You can also see that in the ranking tool section, PairRanker performs better than BARTScore and GPT-Rank 's best model (Open Assistant).

And the team said that the top three selected from PairRanker were used as candidates for GenFuser. On this basis, LLM-Blender demonstrated the expected excellent performance. Especially in the aspect of GPT-Rank, it reaches 3.01, which obviously exceeds that of the best model Open Assistant (3.90).

They also scored well in BERTScore (79.09), BARTScore (- 3.02) and BELURT (- 0.17).

Experiments show that the quality of the final output of LLM-Blender is significantly improved by ranking and merging the LLM framework.

The team proposes an innovative integrated framework of LLM-Blender, which reduces the weakness of a single LLM through ranking, and integrates advantages through fusion generation to improve the ability of LLM, which can be said to be very novel.

However, this method still has some aspects that can be optimized, such as introducing more language models, using different similarity calculation methods and so on.

The research team paper was published by Allen AI Lab in conjunction with Southern University and Zhejiang University. The three authors are all from China and are related to Southern University (USC).

Jiang Dongfu (Dongfu Jiang), a senior majoring in computer engineering at Zhejiang University, is going to study for an PhD at the University of Waterloo in Canada. he had previously worked as a research intern at USC when he was mentored by two other authors.

Xiang Ren is an associate professor of computer science at the University of Southern University and director of the INK Lab. He studies machine common sense at the Allen Institute of artificial Intelligence and is also a Google scholar.

Lin Yuchen (Bill Yuchen Lin) is currently a young researcher at Allen Institute of artificial Intelligence. He studied computer science at Shanghai Jiaotong University.
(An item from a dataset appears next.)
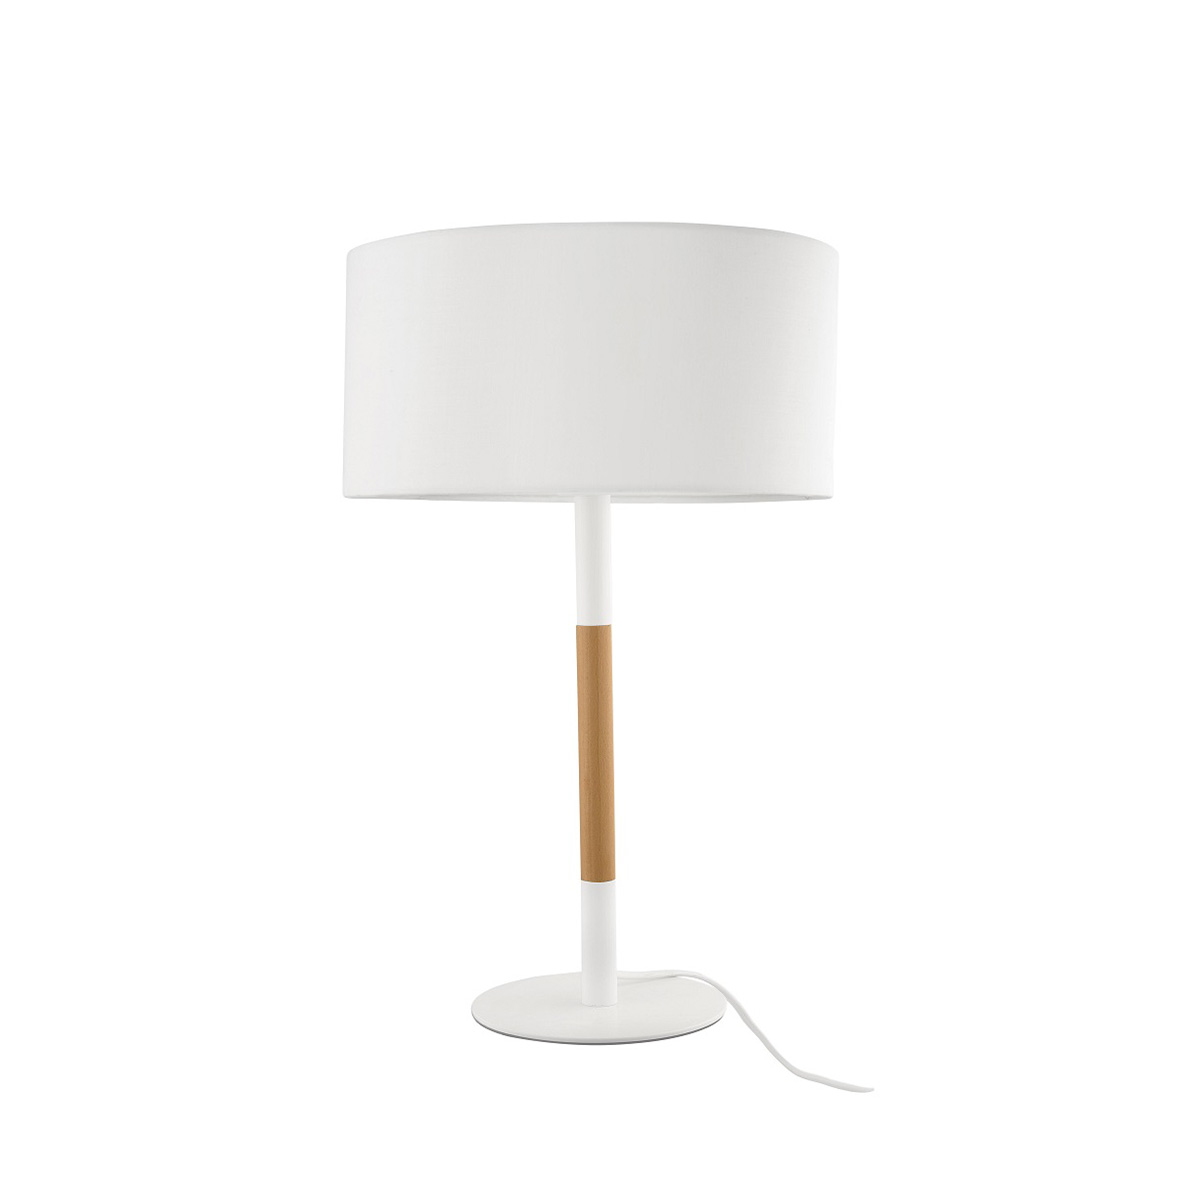 Stona lampa ARRIGO 7605183
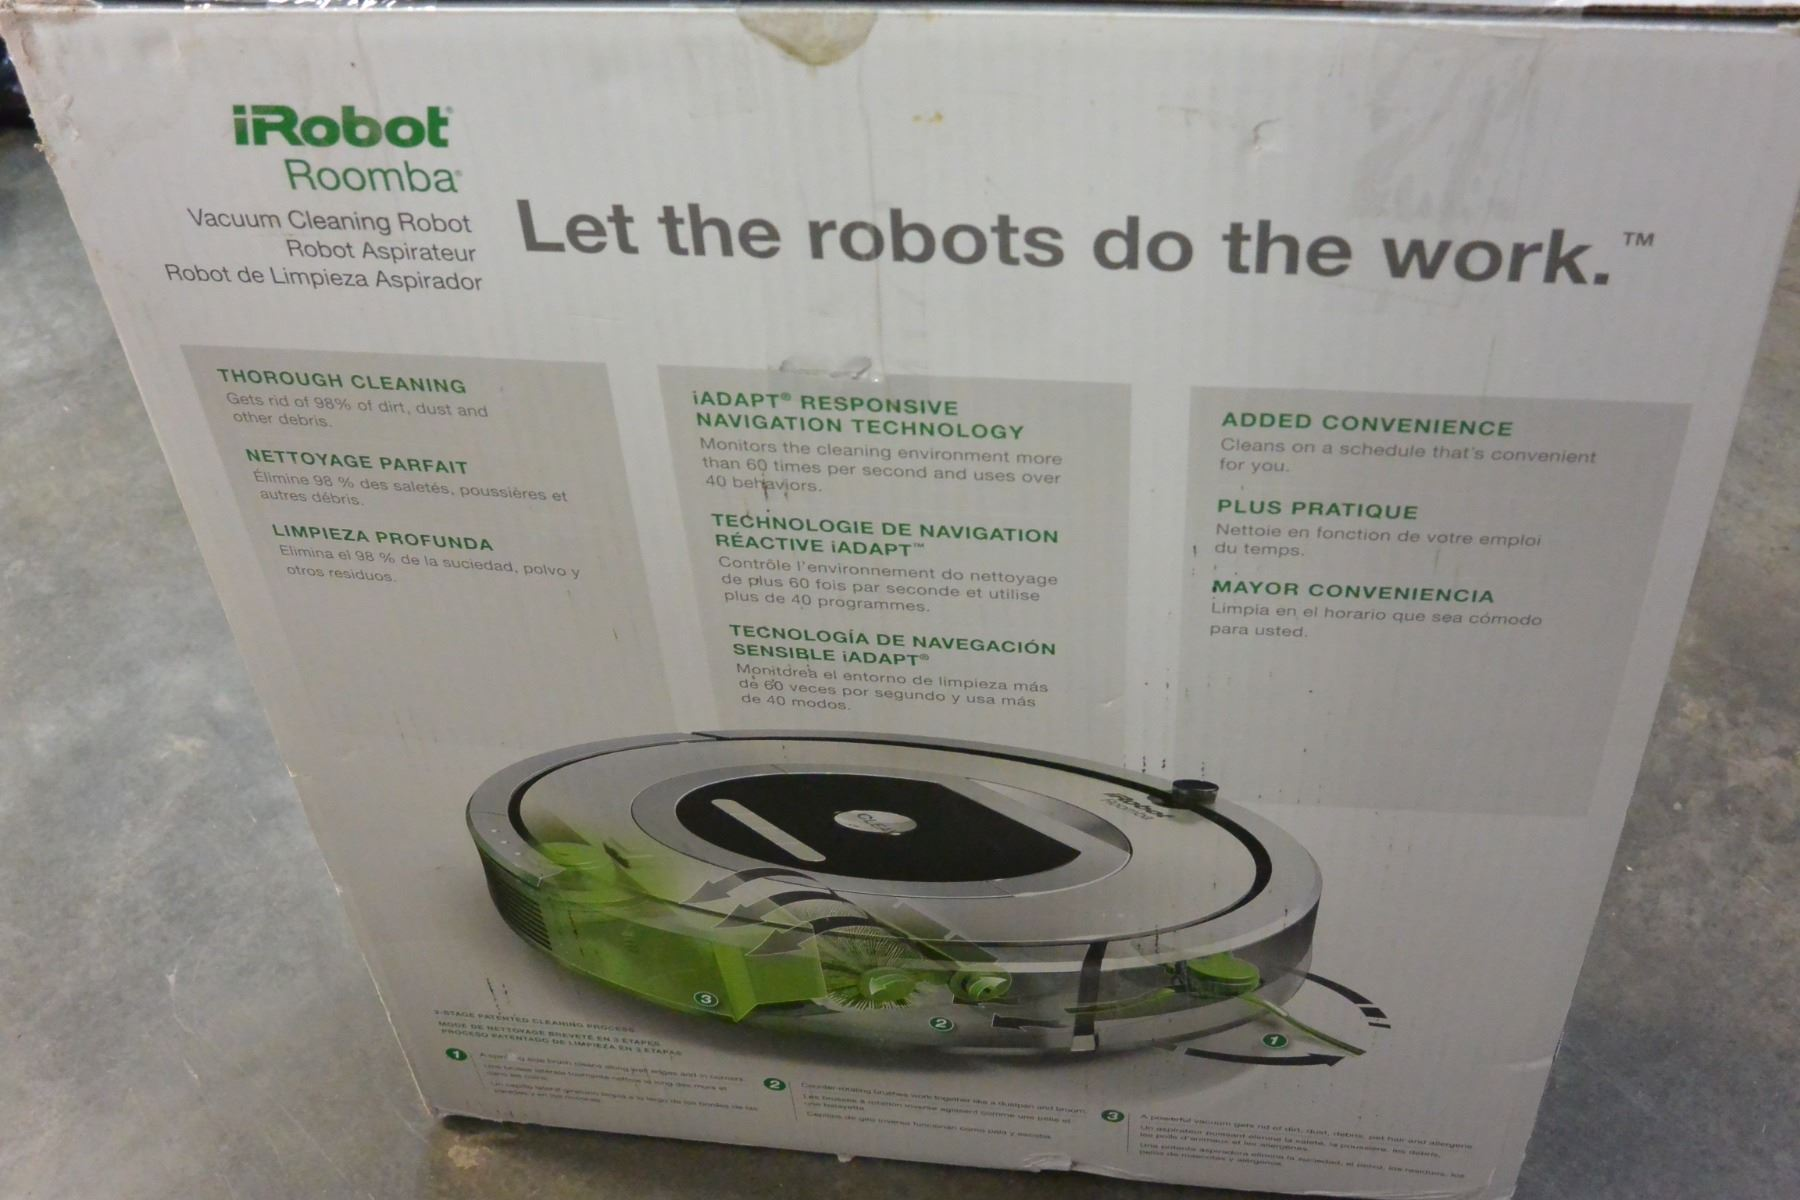 OPEN BOX IROBOT ROOMBA 761, TESTED, WORKING RETAIL $599

PhD is also a computer-related major in Southern University.

In addition, scholars from the Mosaic team of the University of Southern University's NK Lab and the Allen Institute of artificial Intelligence are also involved in the project.

Thesis portal:

Https://arxiv.org/abs/2306.02561

Reference link:

[1] https://yuchenlin.xyz/LLM-Blender/#bg

[2] https://twitter.com/billyuchenlin/status/1668666357058277377

This article is from the official account of Wechat: qubit (ID:QbitAI), by Sean.

Welcome to subscribe "Shulou Technology Information " to get latest news, interesting things and hot topics in the IT industry, and controls the hottest and latest Internet news, technology news and IT industry trends.

*The comments in the above article only represent the author's personal views and do not represent the views and positions of this website. If you have more insights, please feel free to contribute and share.